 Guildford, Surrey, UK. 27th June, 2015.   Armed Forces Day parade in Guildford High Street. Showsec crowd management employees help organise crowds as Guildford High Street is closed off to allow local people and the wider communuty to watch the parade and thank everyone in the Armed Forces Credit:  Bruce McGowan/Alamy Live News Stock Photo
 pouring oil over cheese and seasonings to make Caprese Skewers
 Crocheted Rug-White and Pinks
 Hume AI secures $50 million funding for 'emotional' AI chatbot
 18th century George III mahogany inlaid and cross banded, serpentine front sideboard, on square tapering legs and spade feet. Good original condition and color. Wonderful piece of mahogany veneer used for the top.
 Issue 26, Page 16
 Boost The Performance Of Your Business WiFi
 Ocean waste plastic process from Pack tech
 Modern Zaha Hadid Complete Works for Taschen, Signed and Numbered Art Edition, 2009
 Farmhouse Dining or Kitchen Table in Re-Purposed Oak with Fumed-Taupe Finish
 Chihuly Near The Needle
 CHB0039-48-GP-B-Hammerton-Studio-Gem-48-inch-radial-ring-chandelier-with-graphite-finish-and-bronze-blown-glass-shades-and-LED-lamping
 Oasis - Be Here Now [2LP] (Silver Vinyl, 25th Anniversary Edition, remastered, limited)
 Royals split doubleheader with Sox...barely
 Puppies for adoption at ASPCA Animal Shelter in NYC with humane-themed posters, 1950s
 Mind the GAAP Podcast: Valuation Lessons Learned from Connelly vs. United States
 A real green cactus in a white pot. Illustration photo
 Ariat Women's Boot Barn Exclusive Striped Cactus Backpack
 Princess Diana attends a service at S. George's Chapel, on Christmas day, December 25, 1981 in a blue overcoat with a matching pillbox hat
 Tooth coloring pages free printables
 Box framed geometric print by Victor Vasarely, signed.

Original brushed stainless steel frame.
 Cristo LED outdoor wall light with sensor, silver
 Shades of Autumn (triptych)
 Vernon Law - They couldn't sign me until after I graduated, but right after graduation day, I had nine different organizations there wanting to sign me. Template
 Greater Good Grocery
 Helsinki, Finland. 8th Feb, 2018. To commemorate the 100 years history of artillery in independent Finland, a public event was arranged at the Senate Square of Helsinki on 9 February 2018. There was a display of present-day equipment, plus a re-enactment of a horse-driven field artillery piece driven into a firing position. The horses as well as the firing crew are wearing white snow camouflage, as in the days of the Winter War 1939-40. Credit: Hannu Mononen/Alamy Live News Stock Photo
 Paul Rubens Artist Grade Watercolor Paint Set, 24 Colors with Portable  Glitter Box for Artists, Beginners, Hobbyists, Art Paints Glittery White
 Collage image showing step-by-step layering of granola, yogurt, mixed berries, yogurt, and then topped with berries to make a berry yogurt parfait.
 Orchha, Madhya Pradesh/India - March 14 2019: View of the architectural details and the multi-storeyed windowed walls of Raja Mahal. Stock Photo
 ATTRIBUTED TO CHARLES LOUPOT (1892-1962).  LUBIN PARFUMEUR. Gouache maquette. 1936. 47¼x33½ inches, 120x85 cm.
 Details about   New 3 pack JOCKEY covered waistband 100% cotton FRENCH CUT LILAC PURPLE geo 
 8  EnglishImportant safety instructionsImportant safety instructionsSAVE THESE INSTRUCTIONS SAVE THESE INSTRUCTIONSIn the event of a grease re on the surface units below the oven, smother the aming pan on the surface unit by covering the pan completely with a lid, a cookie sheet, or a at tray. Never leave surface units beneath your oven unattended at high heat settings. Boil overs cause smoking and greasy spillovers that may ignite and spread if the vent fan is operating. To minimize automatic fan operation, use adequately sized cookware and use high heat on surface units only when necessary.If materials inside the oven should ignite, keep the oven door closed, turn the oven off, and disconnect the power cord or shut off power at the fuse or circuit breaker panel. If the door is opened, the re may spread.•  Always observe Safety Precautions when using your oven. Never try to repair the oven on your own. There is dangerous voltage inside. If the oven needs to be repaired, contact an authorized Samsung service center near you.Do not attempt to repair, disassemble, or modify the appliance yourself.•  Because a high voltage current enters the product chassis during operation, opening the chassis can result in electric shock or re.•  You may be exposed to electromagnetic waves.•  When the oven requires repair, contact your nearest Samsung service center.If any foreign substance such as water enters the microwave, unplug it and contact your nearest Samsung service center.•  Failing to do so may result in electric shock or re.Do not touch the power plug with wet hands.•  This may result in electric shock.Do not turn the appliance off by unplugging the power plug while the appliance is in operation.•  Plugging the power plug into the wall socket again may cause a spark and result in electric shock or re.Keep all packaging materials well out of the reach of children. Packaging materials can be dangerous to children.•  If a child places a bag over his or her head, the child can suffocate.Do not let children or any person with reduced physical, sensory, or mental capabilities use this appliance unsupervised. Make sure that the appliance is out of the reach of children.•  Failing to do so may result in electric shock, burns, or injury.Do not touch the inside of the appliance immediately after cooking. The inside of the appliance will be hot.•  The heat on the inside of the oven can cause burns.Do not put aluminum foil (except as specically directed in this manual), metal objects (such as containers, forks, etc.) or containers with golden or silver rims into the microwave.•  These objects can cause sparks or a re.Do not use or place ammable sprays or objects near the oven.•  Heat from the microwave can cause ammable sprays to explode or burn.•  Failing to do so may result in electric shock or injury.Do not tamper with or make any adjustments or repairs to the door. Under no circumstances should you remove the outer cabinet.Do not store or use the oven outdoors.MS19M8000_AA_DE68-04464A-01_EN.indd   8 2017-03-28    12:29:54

□ □ □

## WORK REQUIRED
Scan the data above for the string "Edition" and copy each line where it appears.

## TASK SOLUTION
 Modern Zaha Hadid Complete Works for Taschen, Signed and Numbered Art Edition, 2009
 Oasis - Be Here Now [2LP] (Silver Vinyl, 25th Anniversary Edition, remastered, limited)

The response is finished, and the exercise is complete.